__EXERCISE DATA__
= = = =

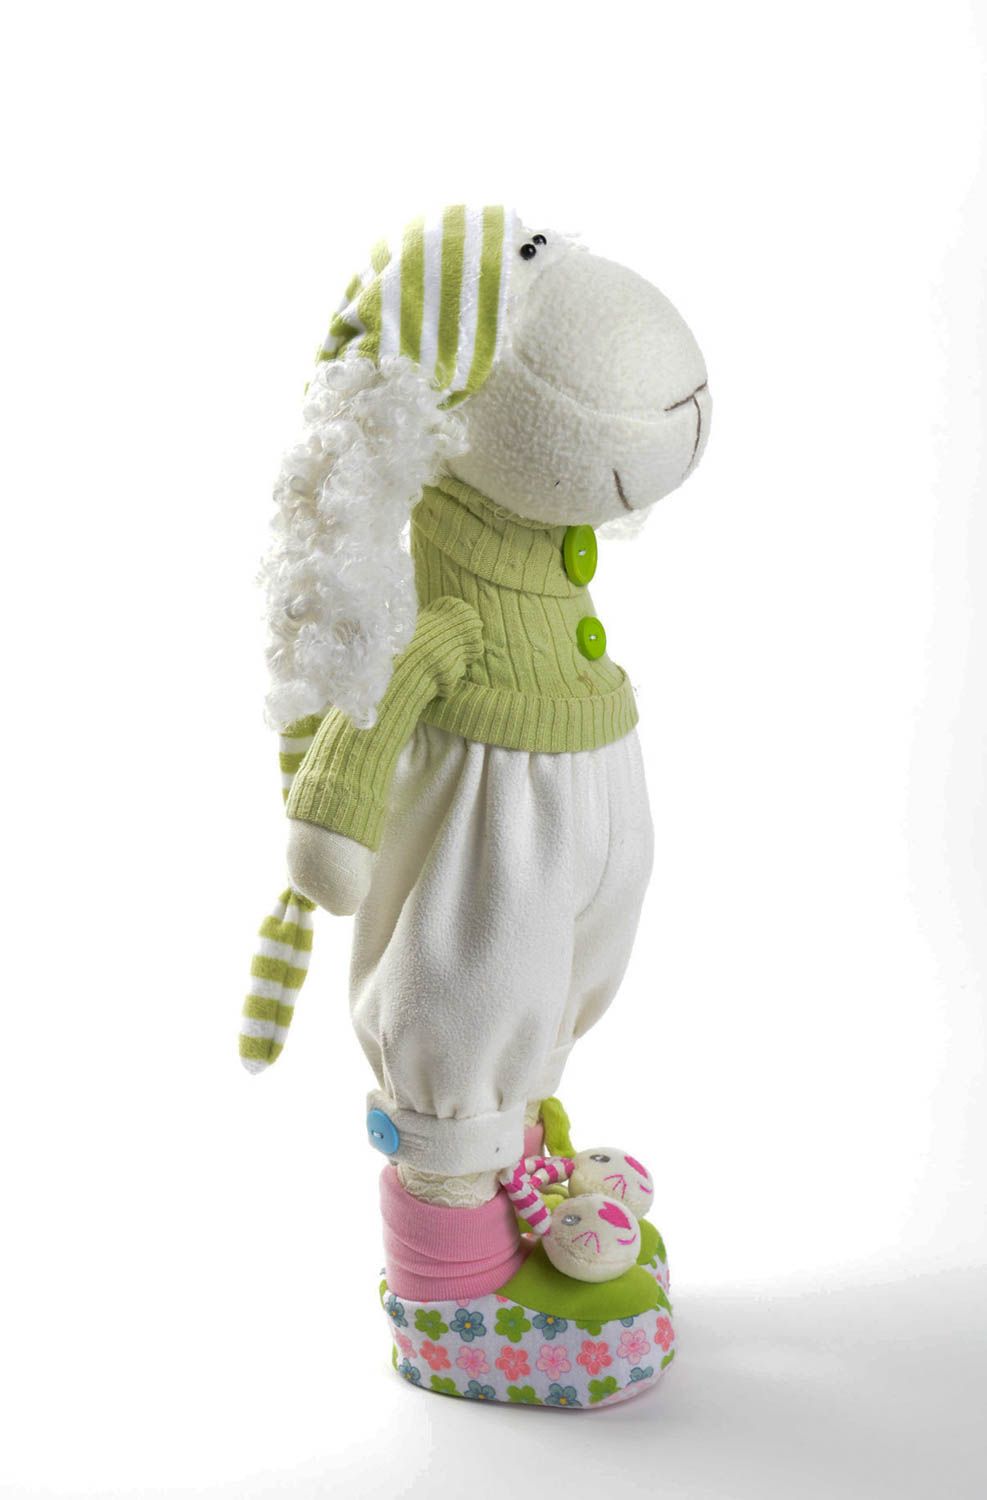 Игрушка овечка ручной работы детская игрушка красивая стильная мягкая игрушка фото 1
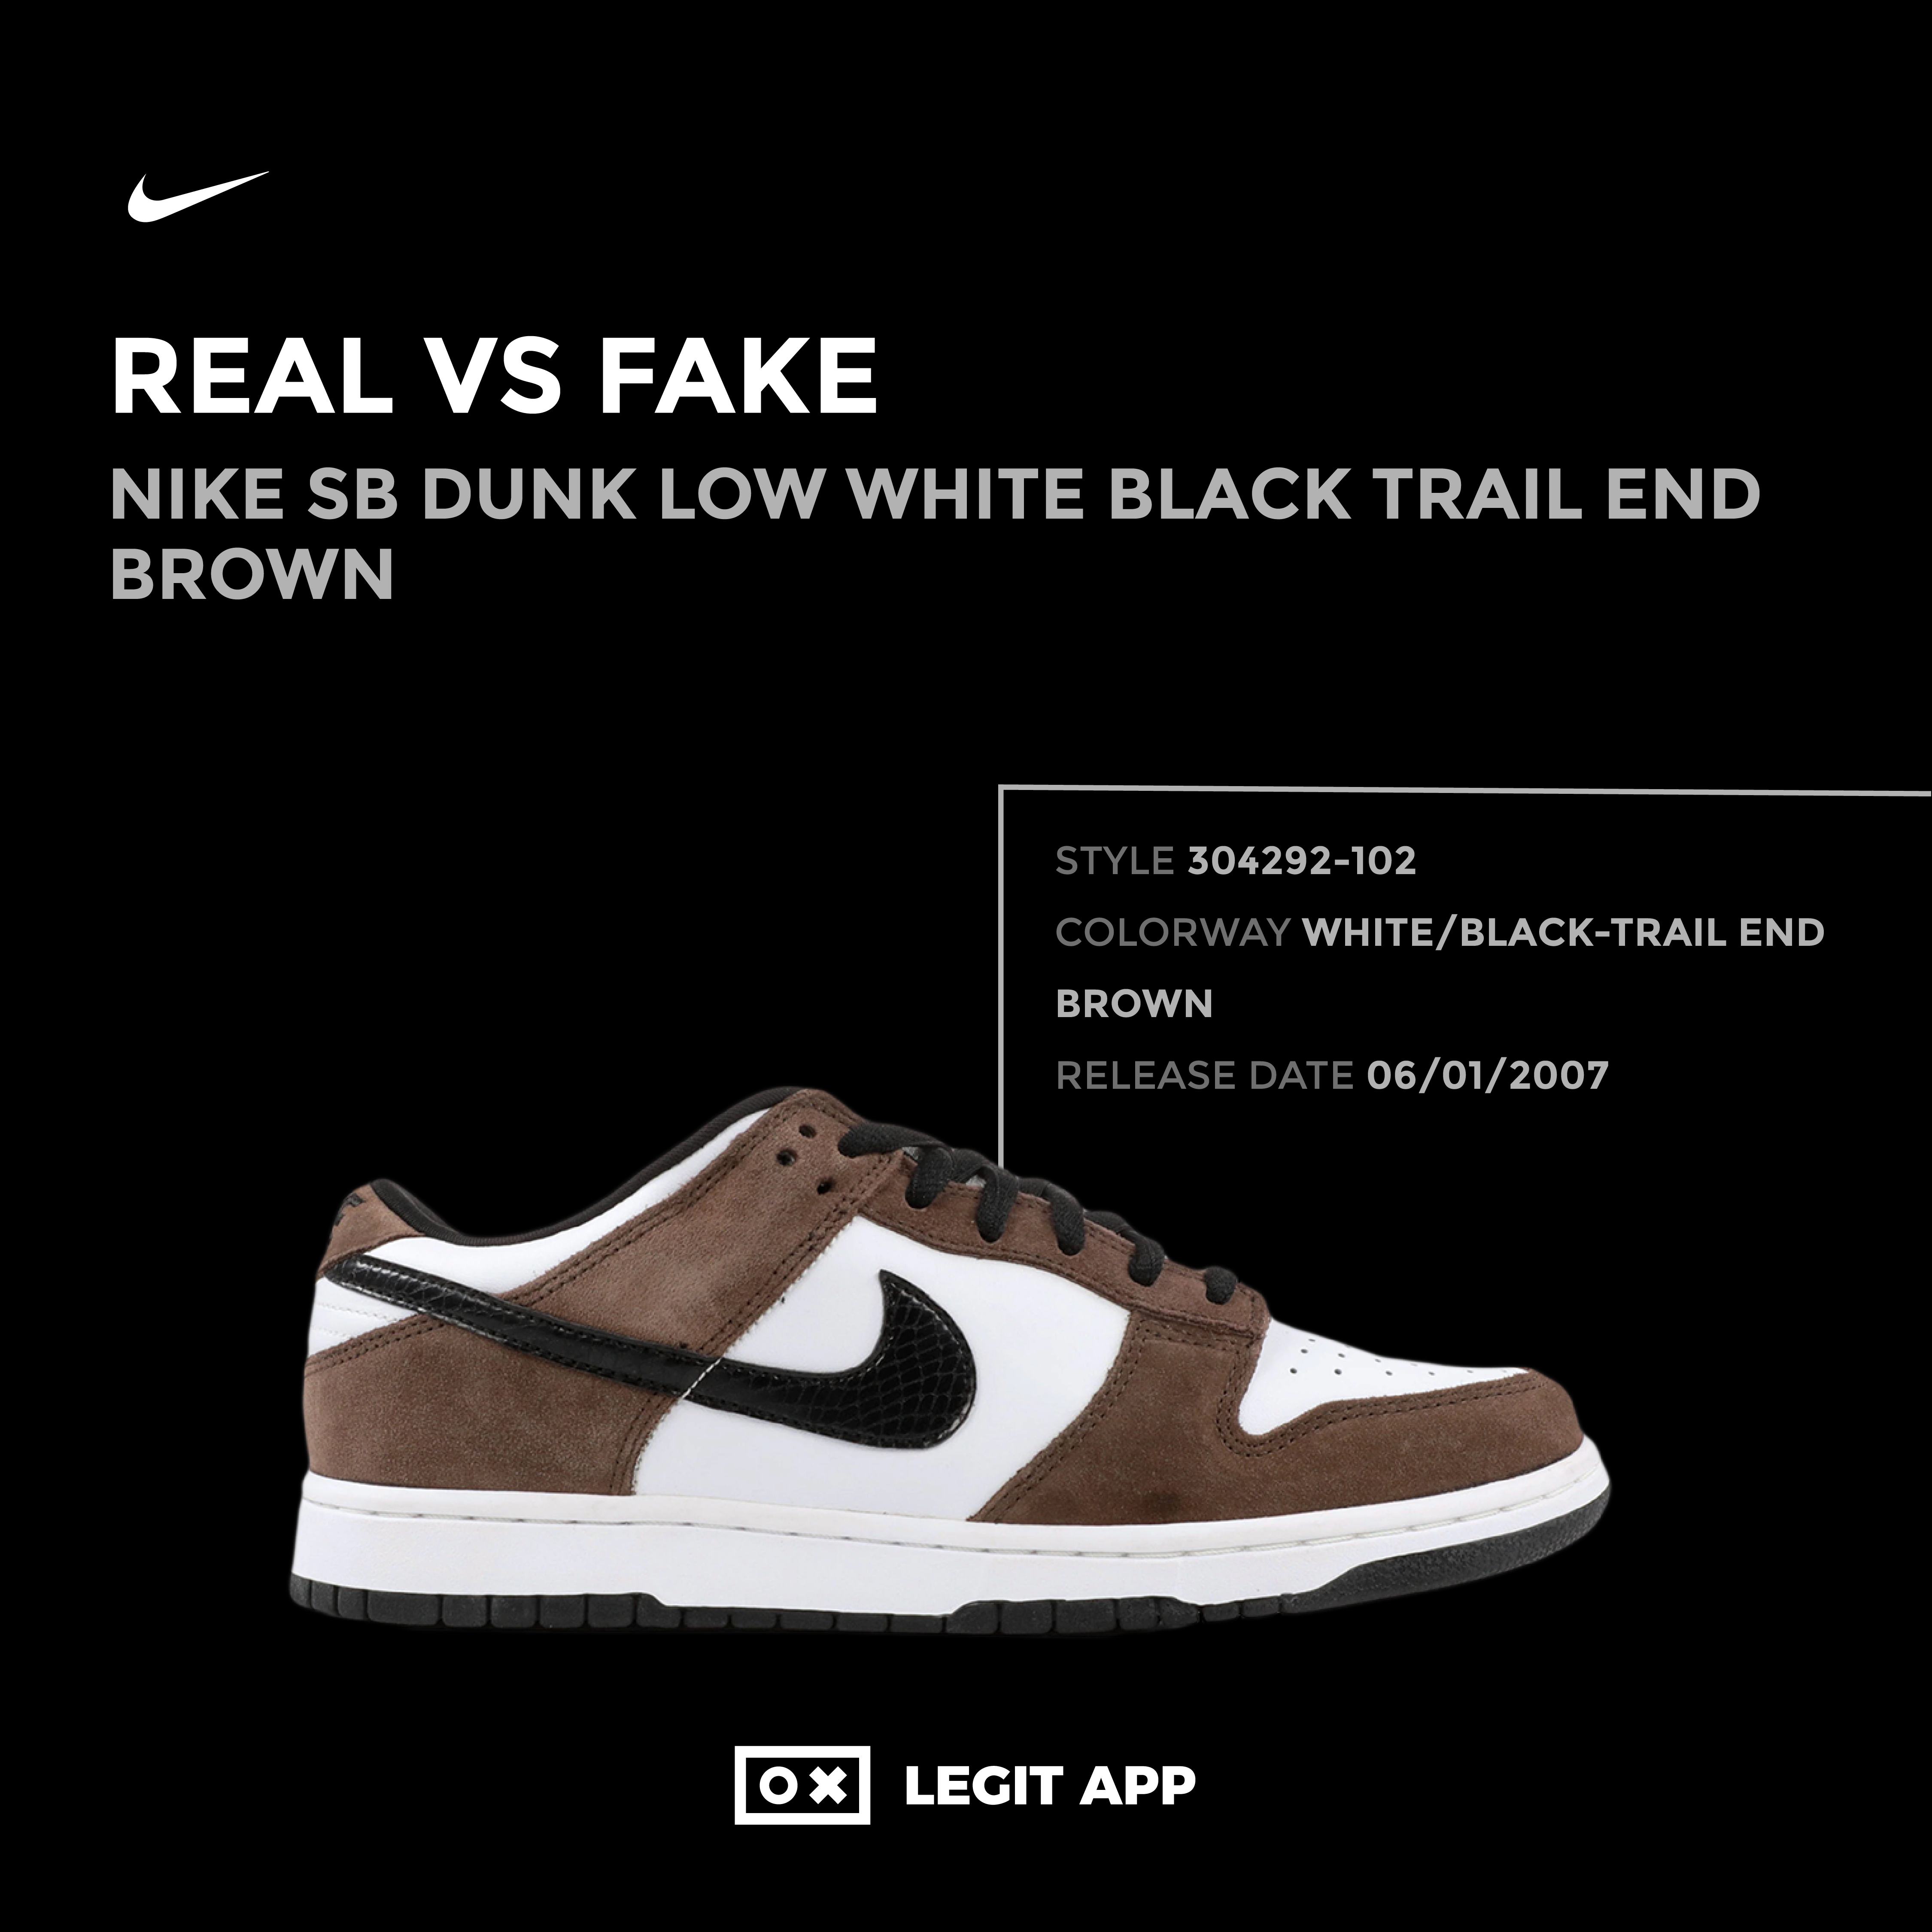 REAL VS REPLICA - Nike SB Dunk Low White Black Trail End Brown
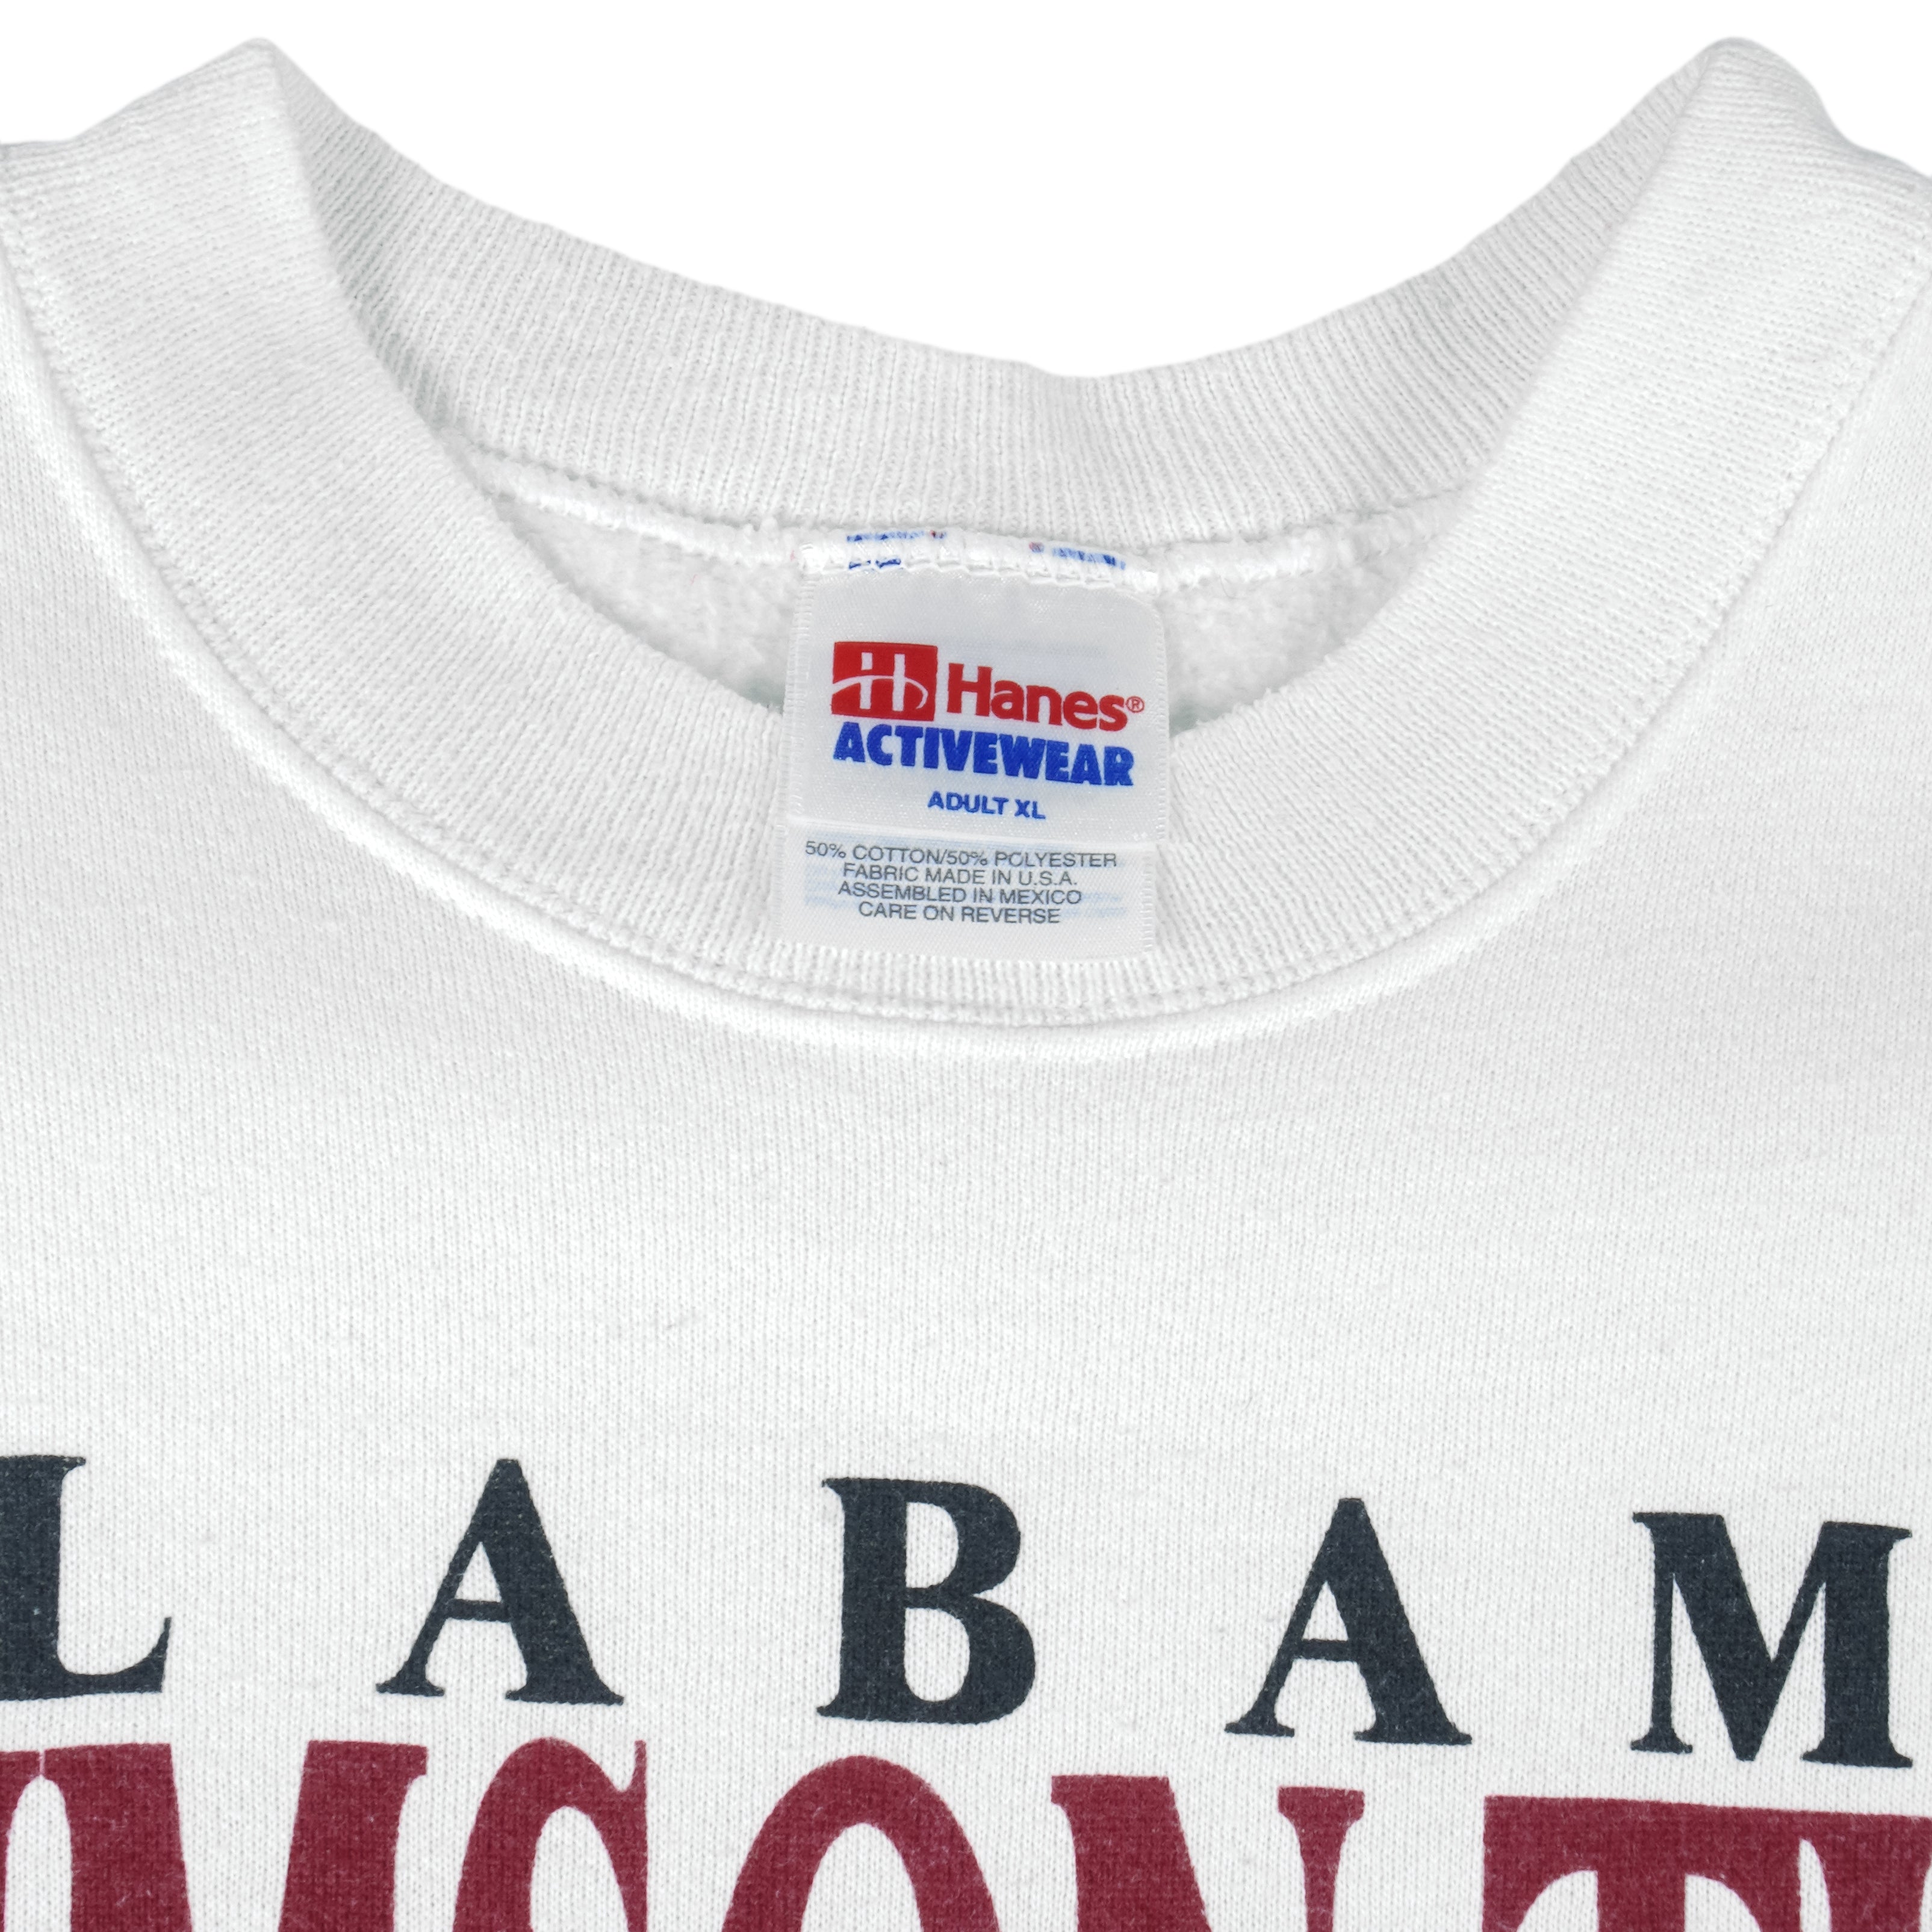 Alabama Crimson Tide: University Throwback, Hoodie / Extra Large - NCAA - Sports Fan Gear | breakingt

= = = =

Could you retype every line above exactly as it appears, skipping the pictures?

__ANSWER TO THIS PROBLEM__
 Игрушка овечка ручной работы детская игрушка красивая стильная мягкая игрушка фото 1
 REAL VS REPLICA - Nike SB Dunk Low White Black Trail End Brown
 Alabama Crimson Tide: University Throwback, Hoodie / Extra Large - NCAA - Sports Fan Gear | breakingt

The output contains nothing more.